In 2002, TarQwyn was living on a ranch in Oklahoma when her beloved dog disappeared and she realized there were very few resources for people who'd lost furry loved ones.
"The police are not interested in these cases," TarQwyn says. "You'll get more action if your CD player was stolen. It's a cultural thing."
In her practice, TarQwyn uses community awareness (signage, contact with animal control and shelters) and an aerial mapping strategy, along with a thorough knowledge of each dog's behavioral patterns. She may also call on a team of six scent-trained tracking dogs – Cade, Dodger, Twist, Paco, Mason and Yuri – to seek out the pet.
Her team, which will travel to work with its far-flung clientele, uses a combination of search and rescue and hunting techniques. The dogs can pick up a scent from a quarter-mile away, and will track a dog even if it's in the mouth of a coyote, TarQwyn says, which has been happening more and more recently. It's one of the three most likely scenarios under which dogs go missing: It meets with a predator, it is roaming at large or it's been recovered by a citizen.
In 2007, TarQwyn was in Southern California working on a case when she got a call about a roaming Havanese named Yogi. The dog's owner, Joie Goodkin, was distraught when the beloved pooch escaped under a fence at the vet.
When they arrived on the scene, TarQwyn's tracking dogs immediately picked up Yogi's scent, and found him within two hours near a fork in the Carmel River. She pulled back her dogs to avoid frightening the lost pup and stationed Goodkin at the riverbank. Goodkin was then instructed to softly call to Yogi, so she stood in river in the pouring rain and said, "Come give Mommy kisses." Soon the "furry little matted" dog was in her arms. Goodkin was crying; the dog meant everything to her, and she says she could not have found Yogi without TarQwyn and her team.

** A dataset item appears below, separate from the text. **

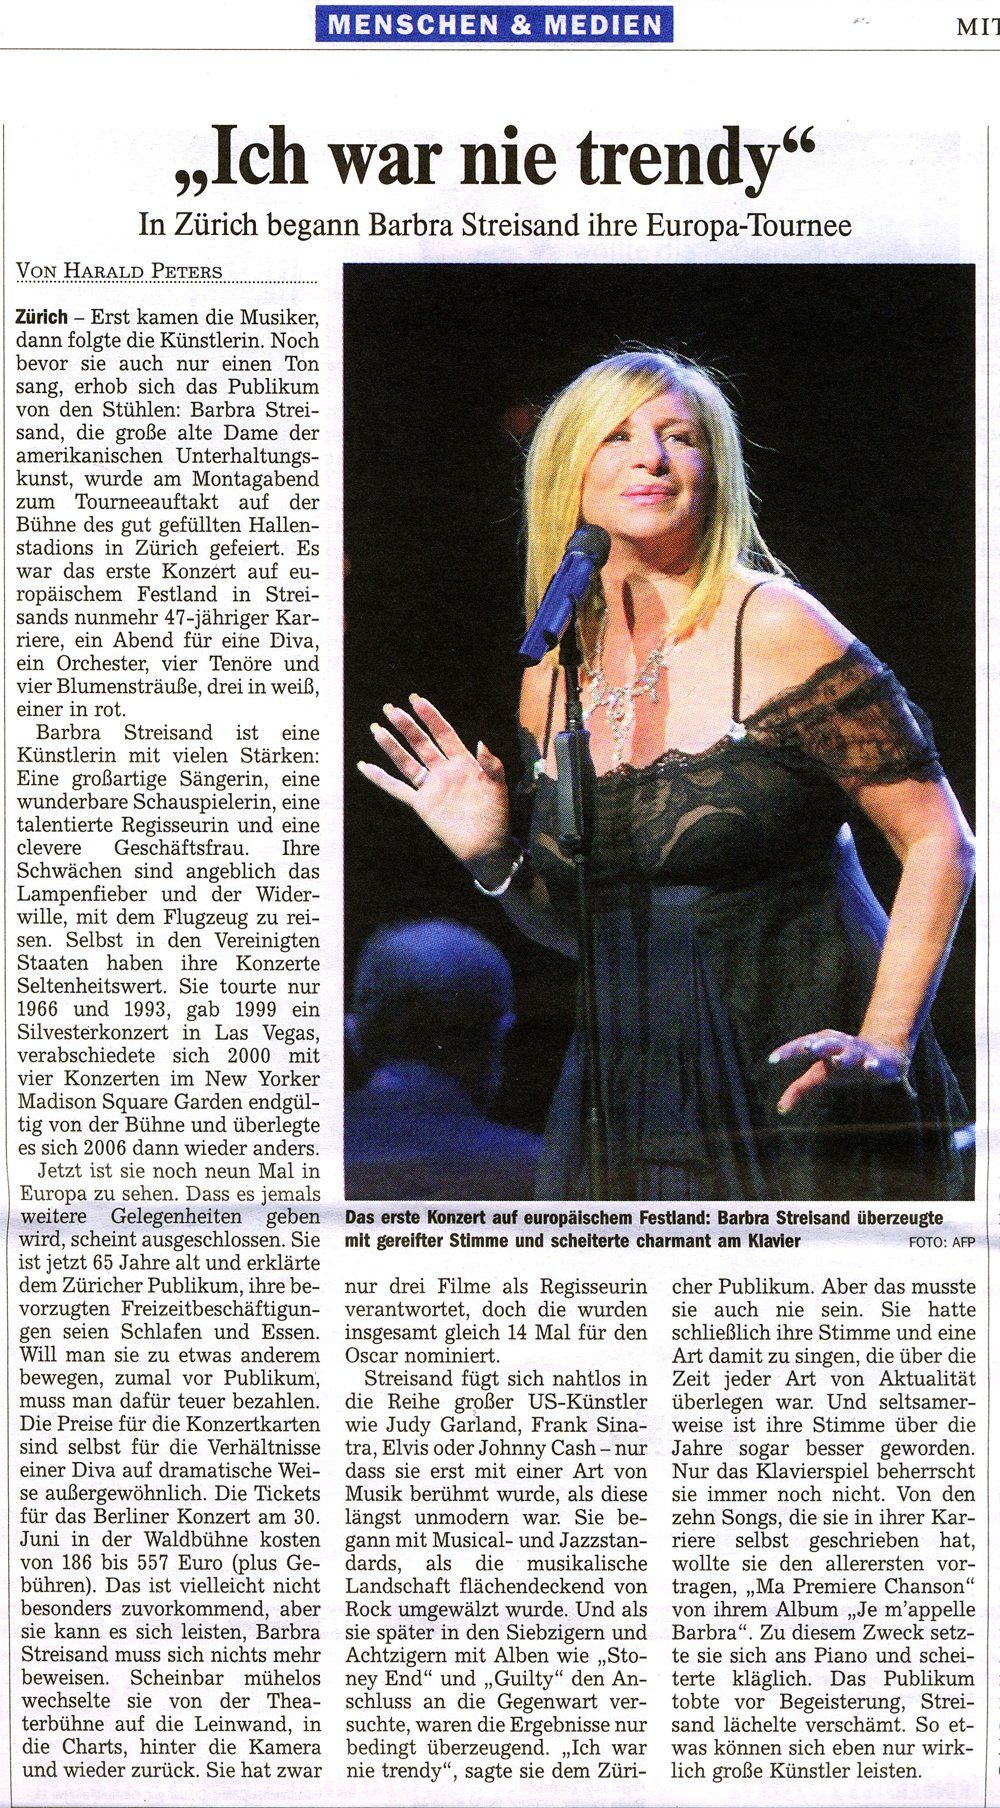 Zurich newspaper review of Streisand's concert.

TarQwyn charges an hourly fee of $95 and bills for travel expenses, but she reviews every case for free. Sometimes, she travels to places like Mulholland Drive to work with Hollywood celebrities, but other times she knows just from the phone call that the dog in question in all likelihood met with a predator, in which case she is "just moving the client on."
"I'll tell you what all of us want: We want the pain to end," she says. "And that means getting our dog back."